‘Pradhan Mantri Matsya Sampada Yojana [Can be asked in IBPS AFO, NABARD, SRF]

‘Pradhan Mantri Matsya Sampada Yojana [AgriCurrentAffairs]
‘Pradhan Mantri Matsya Sampada Yojana – A scheme to bring about Blue Revolution through sustainable and responsible development of fisheries sector in India.

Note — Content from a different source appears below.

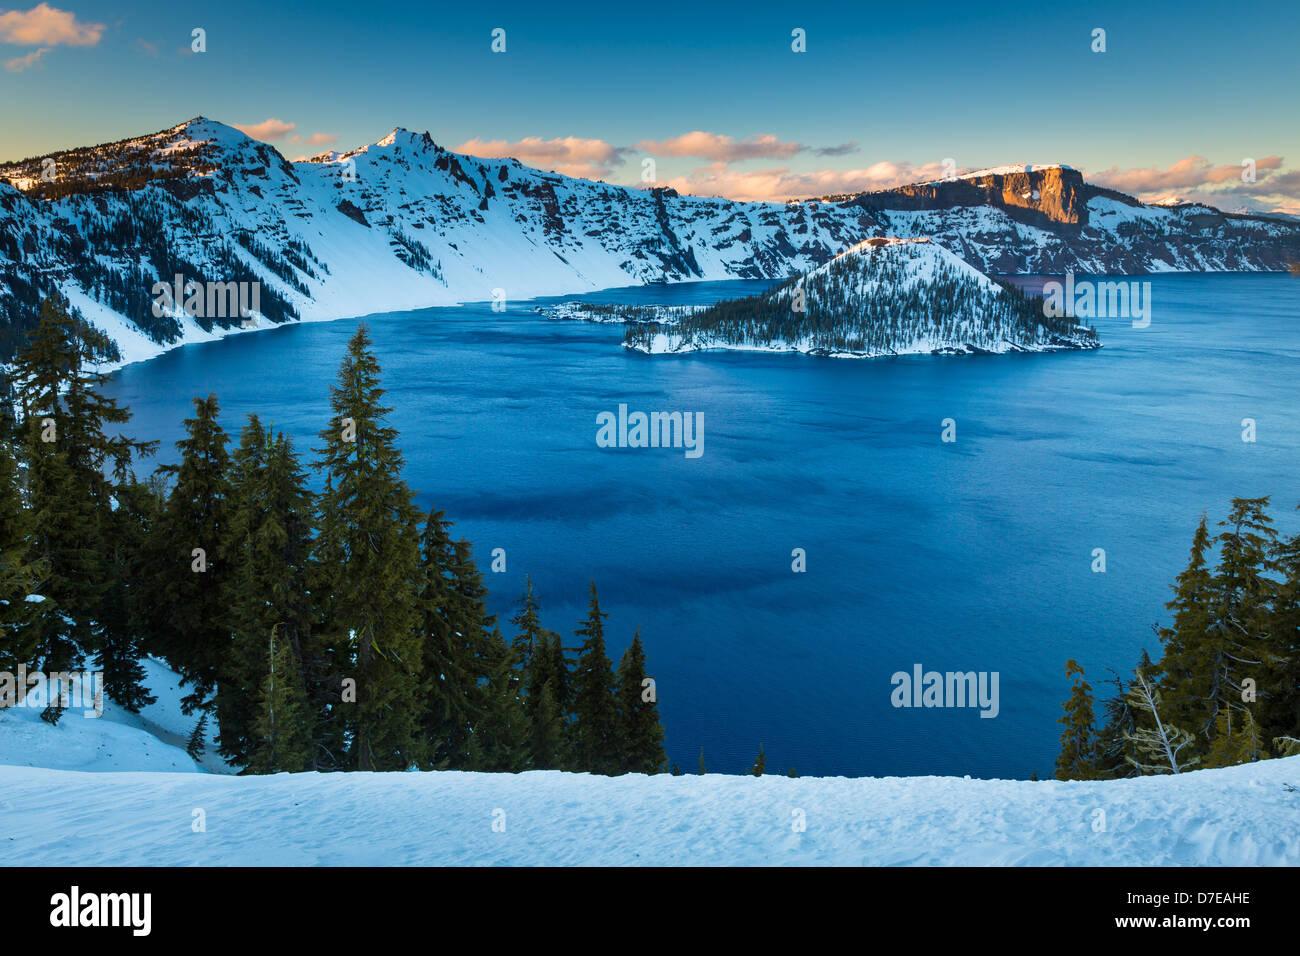 Crater Lake National Park, situé dans le sud de l'Oregon, au cours de l'hiver Banque D'Images

The Union Cabinet, chaired by the Prime Minister, has given its approval for implementation of the Pradhan Mantri Matsya Sampada Yojana (PMMSY) - A scheme to bring about Blue Revolution through sustainable and responsible development of fisheries sector in India under two components namely, Central Sector Scheme (CS) and Centrally Sponsored Scheme (CSS) at a total estimated investment of Rs. 20,050 crore comprising of (i) Central share of Rs. 9,407 crore, (ii) State share of Rs. 4,880 crore and (iii) Beneficiaries' share of Rs. 5,763 crore.   https://www.agricoachingdelhi.in/
The Scheme will be implemented during a period of 5 years from FY 2020-21 to FY 2024-25.
The PMMSY components/activities under the following three broad heads:
a) Enhancement of Production and Productivity
b) Infrastructure and Post-Harvest Management       
c) Fisheries Management and Regulatory Framework


  1. Address the critical gaps in the fisheries sector and realize its potential.
  2. Augmenting fish production and productivity at a sustained average annual growth rate of about 9% to achieve a target of 22 million metric tons by 2024-25 through sustainable and responsible fishing practices.
  3. Improving availability of certified quality fish seed and feed, traceability in fish and including effective aquatic health management. https://www.agricoachingdelhi.in/
  4. Creation of critical infrastructure including modernisation and strengthening of value chain.
  5. Creation of direct gainful employment opportunities to about 15 lakh fishers, fish farmers, fish workers, fish vendors and other rural/urban populations in fishing and allied activities and about thrice this number as indirect employment opportunities including enhancement of their incomes.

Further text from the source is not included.